## What this task involves
Apart from the pictures, print the data below exactly as given.

## Supplied information
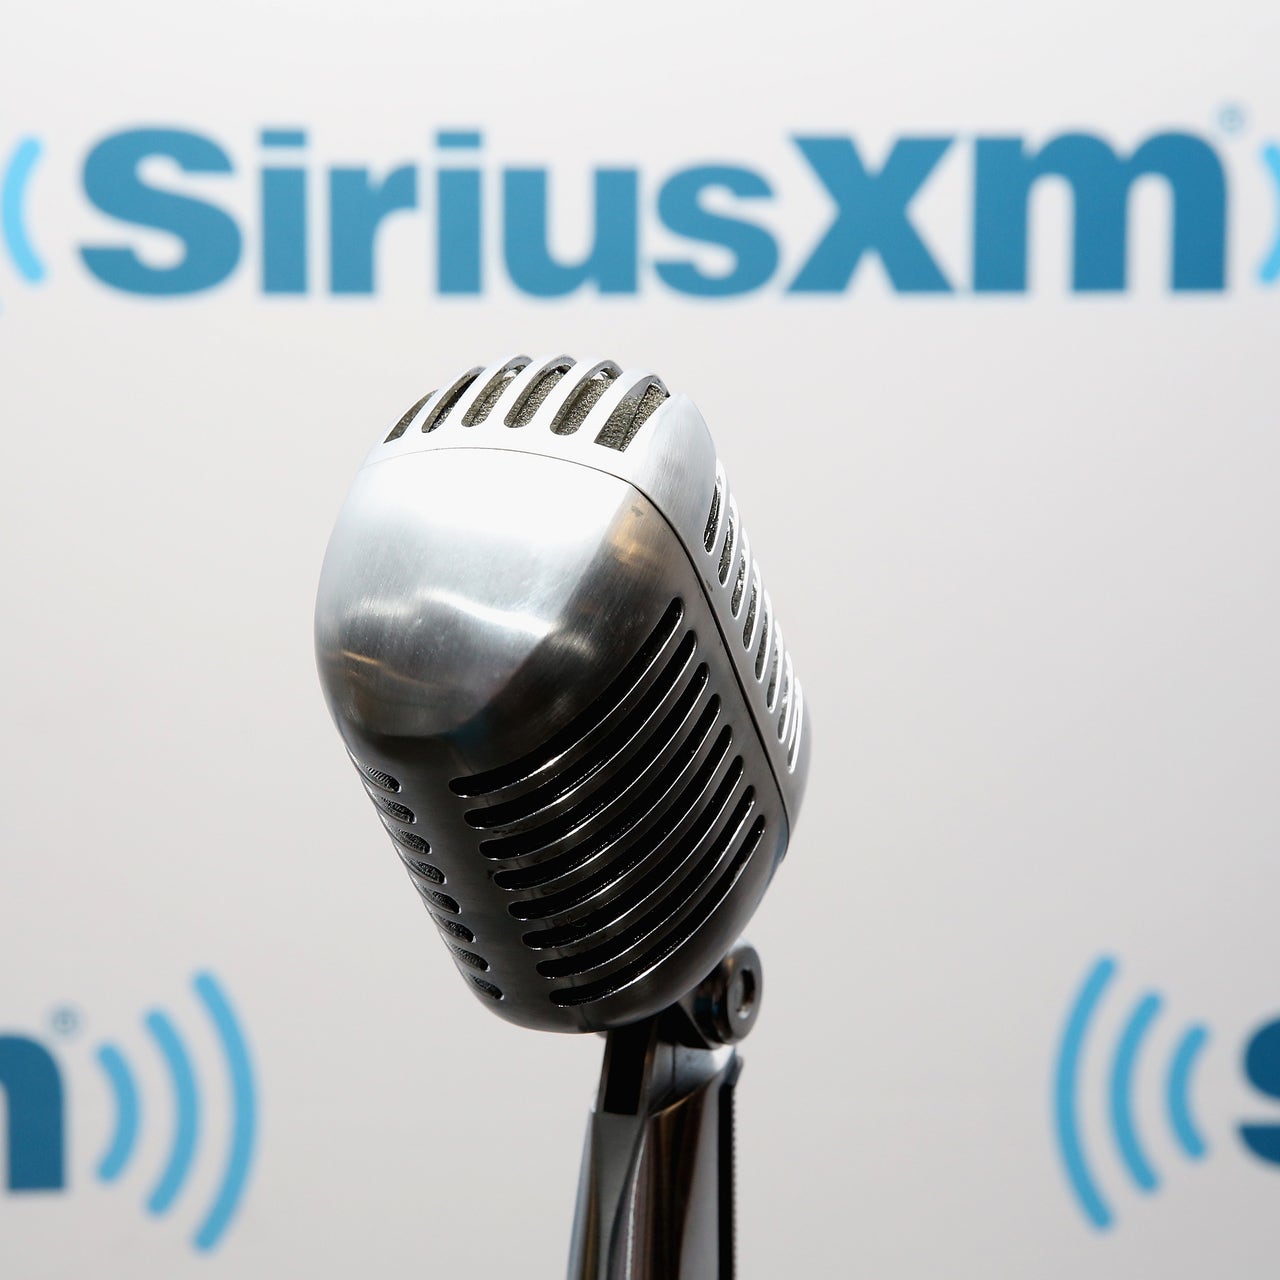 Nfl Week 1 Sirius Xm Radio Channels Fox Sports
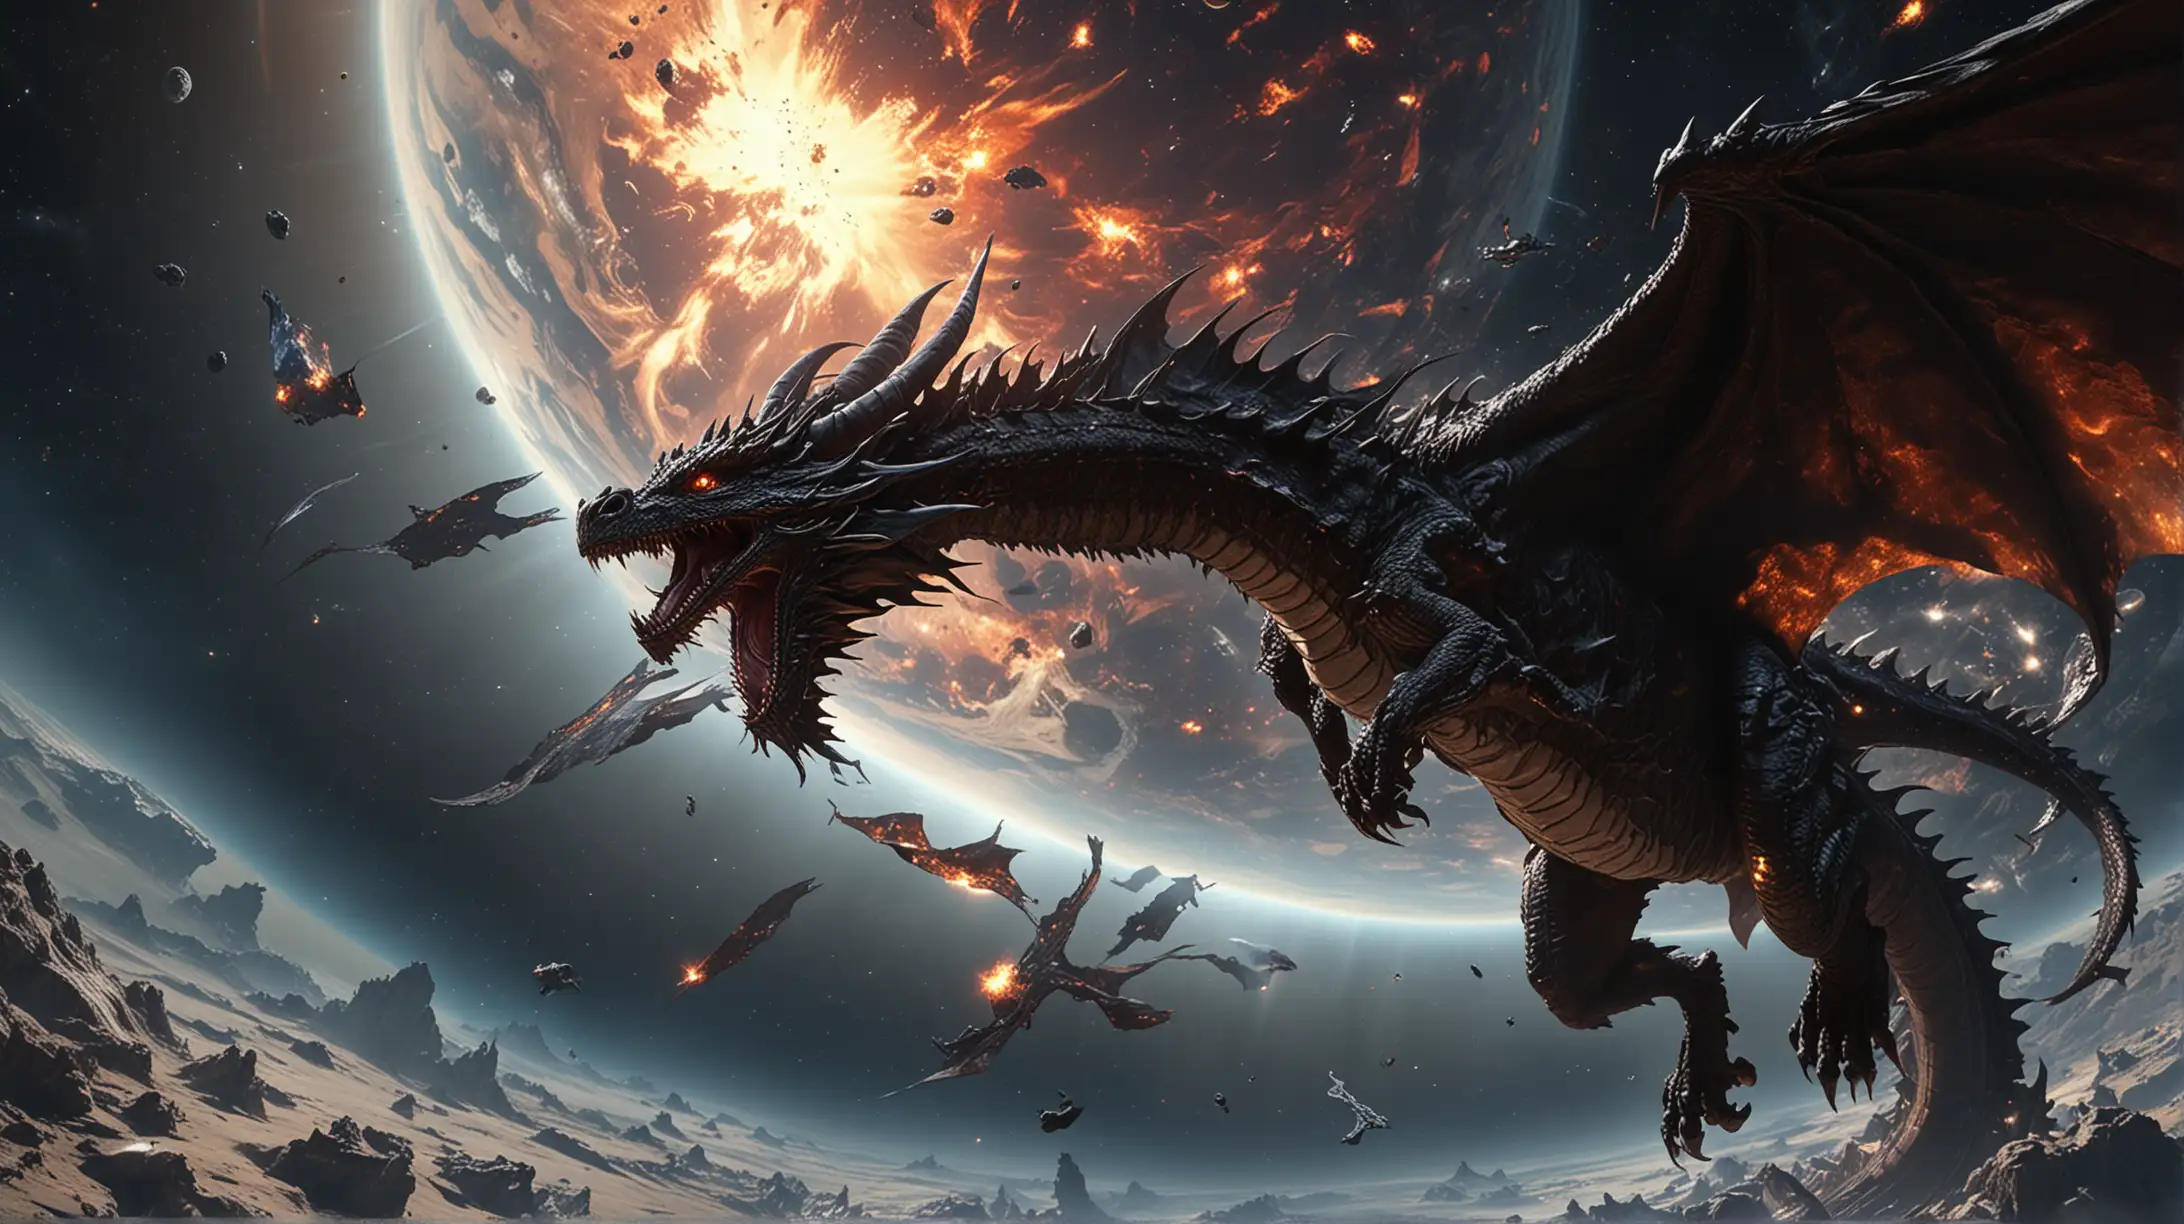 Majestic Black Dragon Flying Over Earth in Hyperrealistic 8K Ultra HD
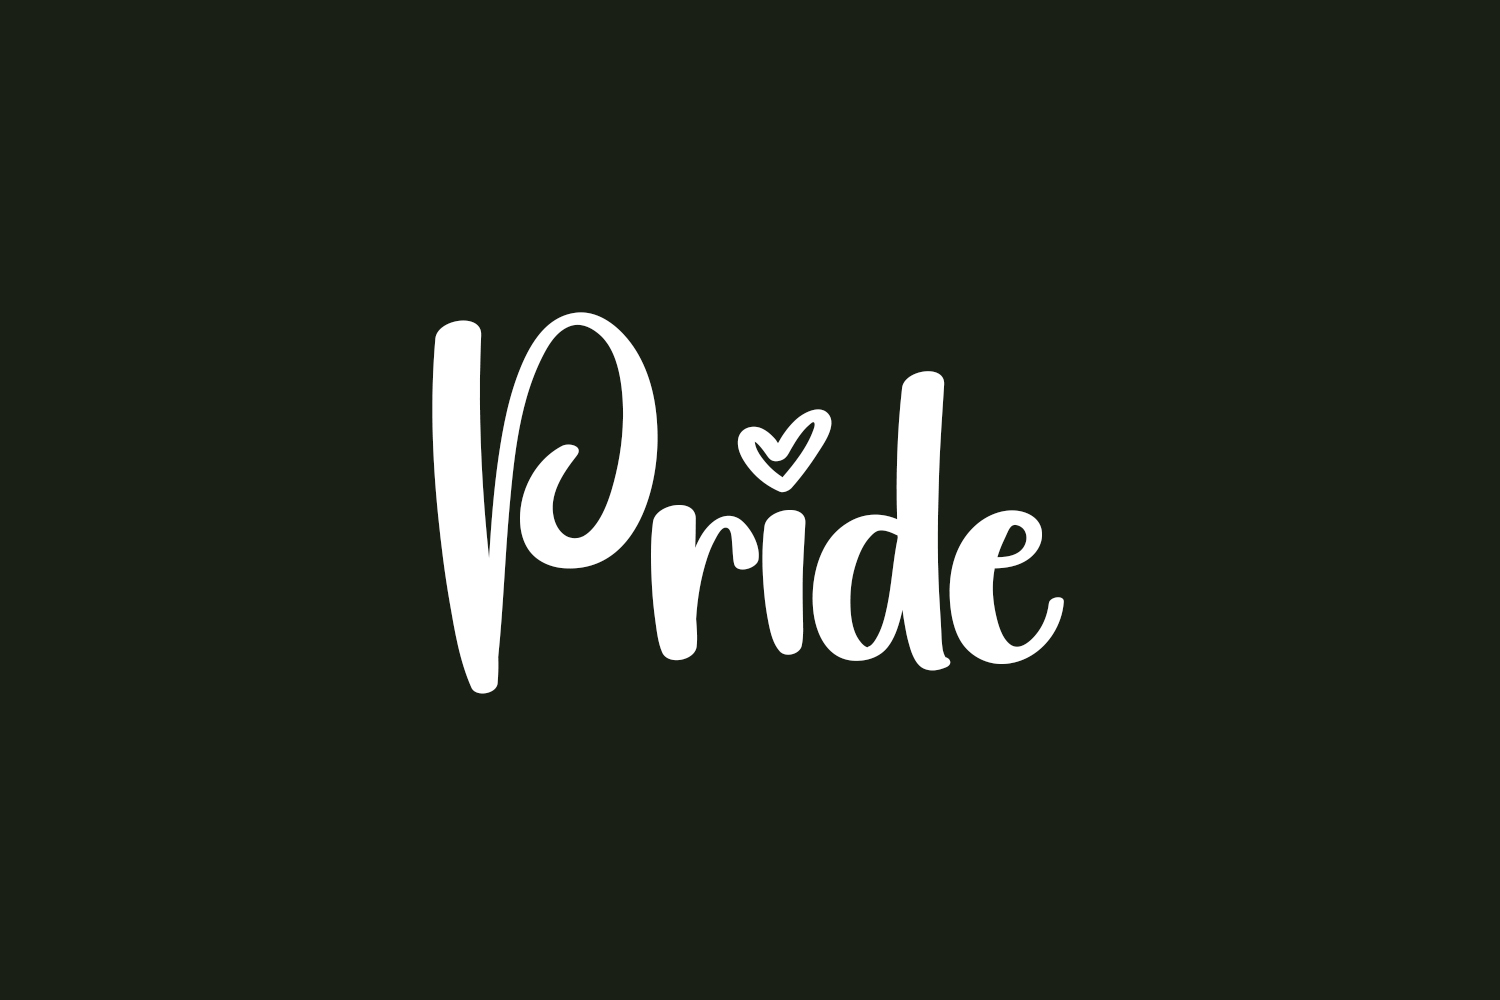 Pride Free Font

## Output below
 Nfl Week 1 Sirius Xm Radio Channels Fox Sports
 Majestic Black Dragon Flying Over Earth in Hyperrealistic 8K Ultra HD
 Pride Free Font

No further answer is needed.